Since we have determined the trial court had jurisdiction, we must consider whether it erred by denying the motion for new trial. To obtain a new trial following a post answer default judgment, a defendant must: prove the failure to answer was not intentional or the result of conscious indifference, but was due to accident or mistake; set up a meritorious defense to the plaintiff's cause of action; and prove that a new trial will not injure the plaintiff or cause delay. Cliff v. Huggins, 724 S.W.2d 778 (Tex.1987); Craddock v. Sunshine Bus Lines, 134 Tex. 388, 133 S.W.2d 124 (1939). The appellant argues he met this burden, and that the trial court abused its discretion by denying the motion for new trial. Since no findings of fact and conclusions of law were requested or filed, the trial court's ruling must be affirmed on any legal theory supported by the evidence. Strackbein v. Prewitt, 671 S.W.2d 37, 38-39 (Tex. 1984).

In support of the first element, the appellant stated his mother suffered a heart attack in Ohio on Friday, March 20. He drove to Ohio that evening. He stated that he was preoccupied with his mother's health, and was "unaware" of matters other than his mother's condition. If a movant's factual allegations are uncontested, and negate an intentional or consciously indifferent failure to answer, the movant has met its burden. Strackbein v. Prewitt, 671 S.W.2d 37, 38 (Tex.1984). In this case, the appellee did not contest the appellant's factual allegations. Therefore, the trial court had to consider whether the facts alleged negated an intentional or consciously indifferent failure to appear.

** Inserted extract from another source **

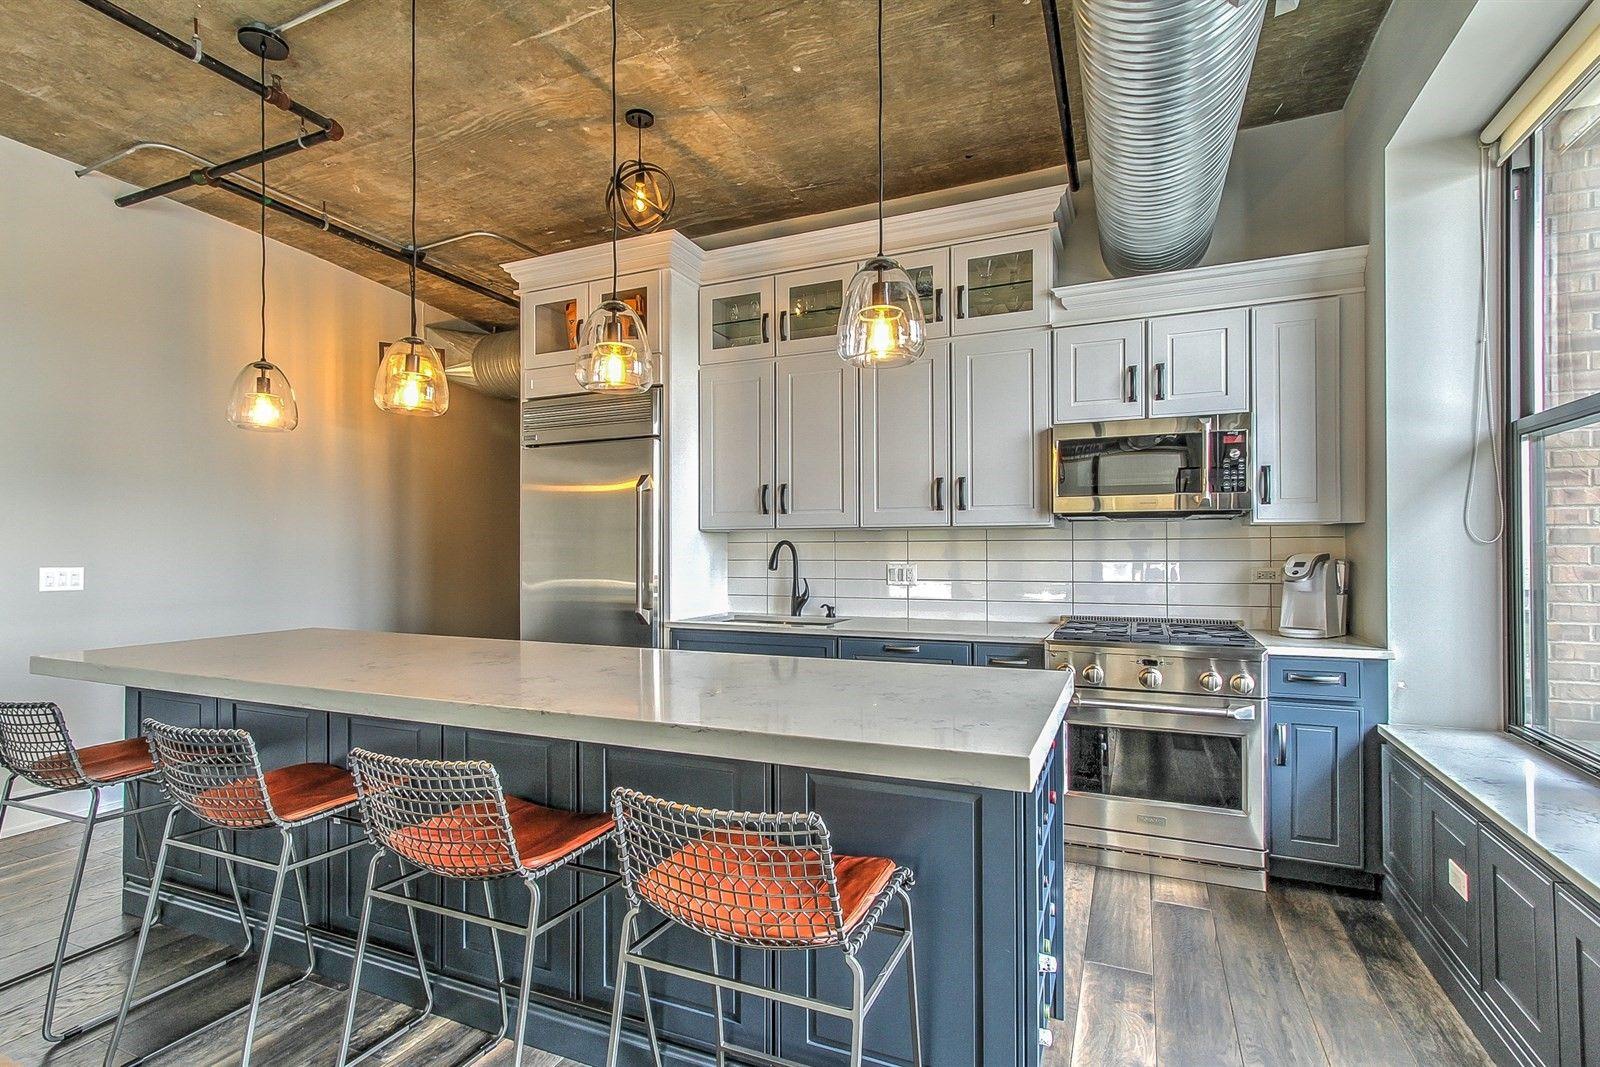 Best Cabinets Kitchen Cabinets In Bathroom Kitchen And Bath 400 x 300
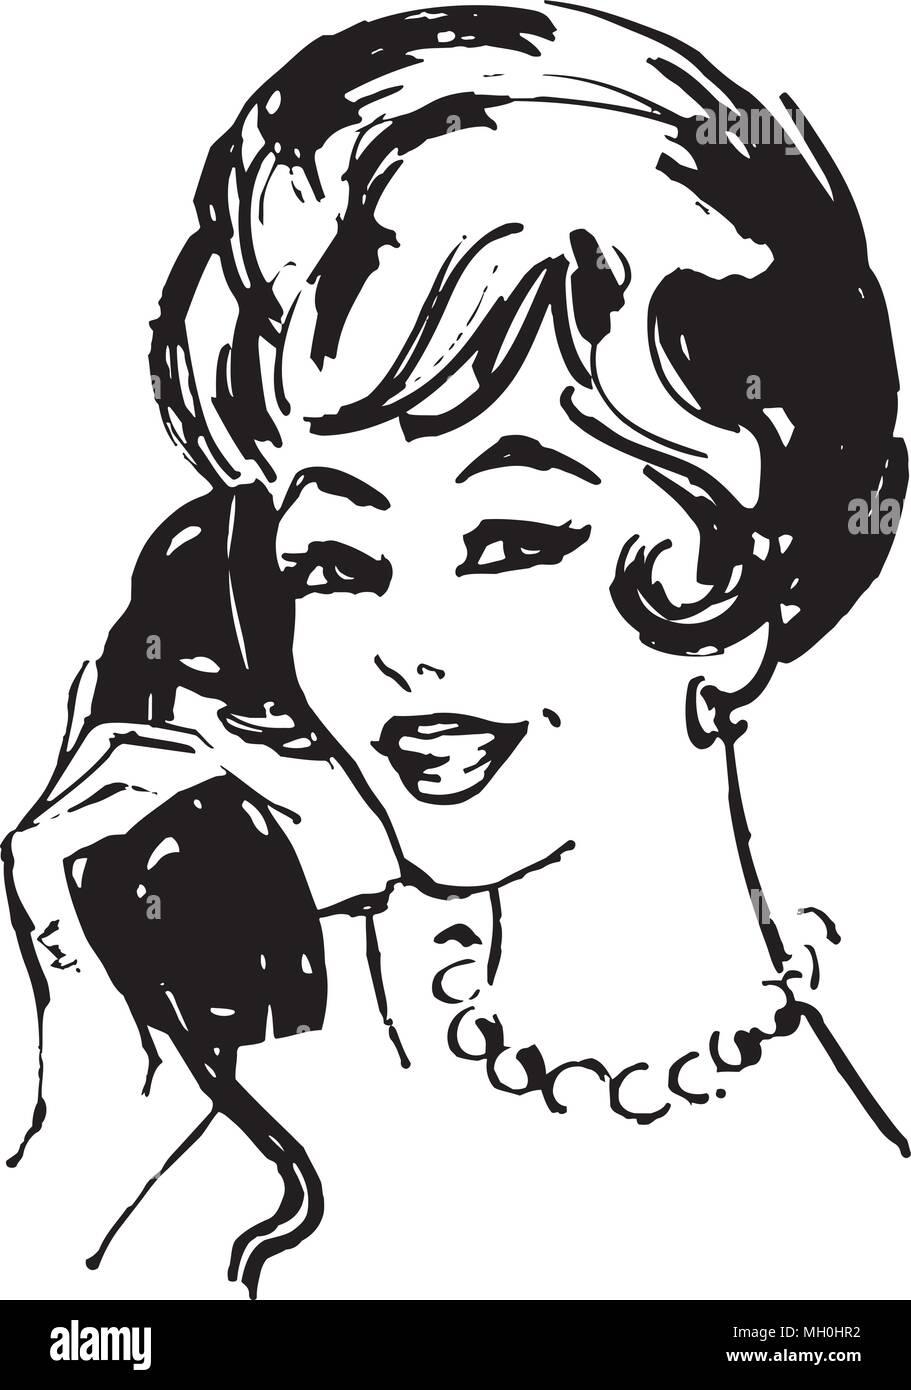 Woman On The Phone - Retro Clipart Illustration Stock ...

*804 Conscious indifference has been defined as the failure to take some action which would seem indicated to a person of reasonable sensibilities under the circumstances. Johnson v. Edmonds, 712 S.W.2d 651, 652-653 (Tex.App.—Fort Worth 1986, no writ); Dreisbach v. Reed, 780 S.W.2d 901, 903 (Tex.App.—El Paso 1989, no writ). The record shows the appellant knew the trial was scheduled for Monday, March 23. He learned his mother suffered a heart attack late in the evening on Friday, March 20. He had Saturday, Sunday and Monday to take some action to inform the trial court of the unexpected circumstances. He did nothing. The motion for new trial attributes his failure to appear to his preoccupation with his mother's health. This conclusory allegation did not require the trial court to find the failure to answer was neither intentional nor consciously indifferent. See Nichols v. TMJ Co., 742 S.W.2d 828, 831 (Tex.App.—Dallas 1987, no writ); Royal Zenith Corporation v. Martinez, 695 S.W.2d 327, 330-331 (Tex.App.—Waco 1985, no writ); Motiograph Inc. v. W.D. Matthews, 555 S.W.2d 196, 197 (Tex.App.— Dallas 1977, writ ref'd n.r.e.). A person of reasonable sensibilities would have taken some action to prevent the entry of a default judgment against him on a $900,000.00 debt. We find no abuse of discretion and affirm the trial court's judgment.

NOTES

[1] First Heights, F.S.A. later merged with First Heights Bank F.S.B.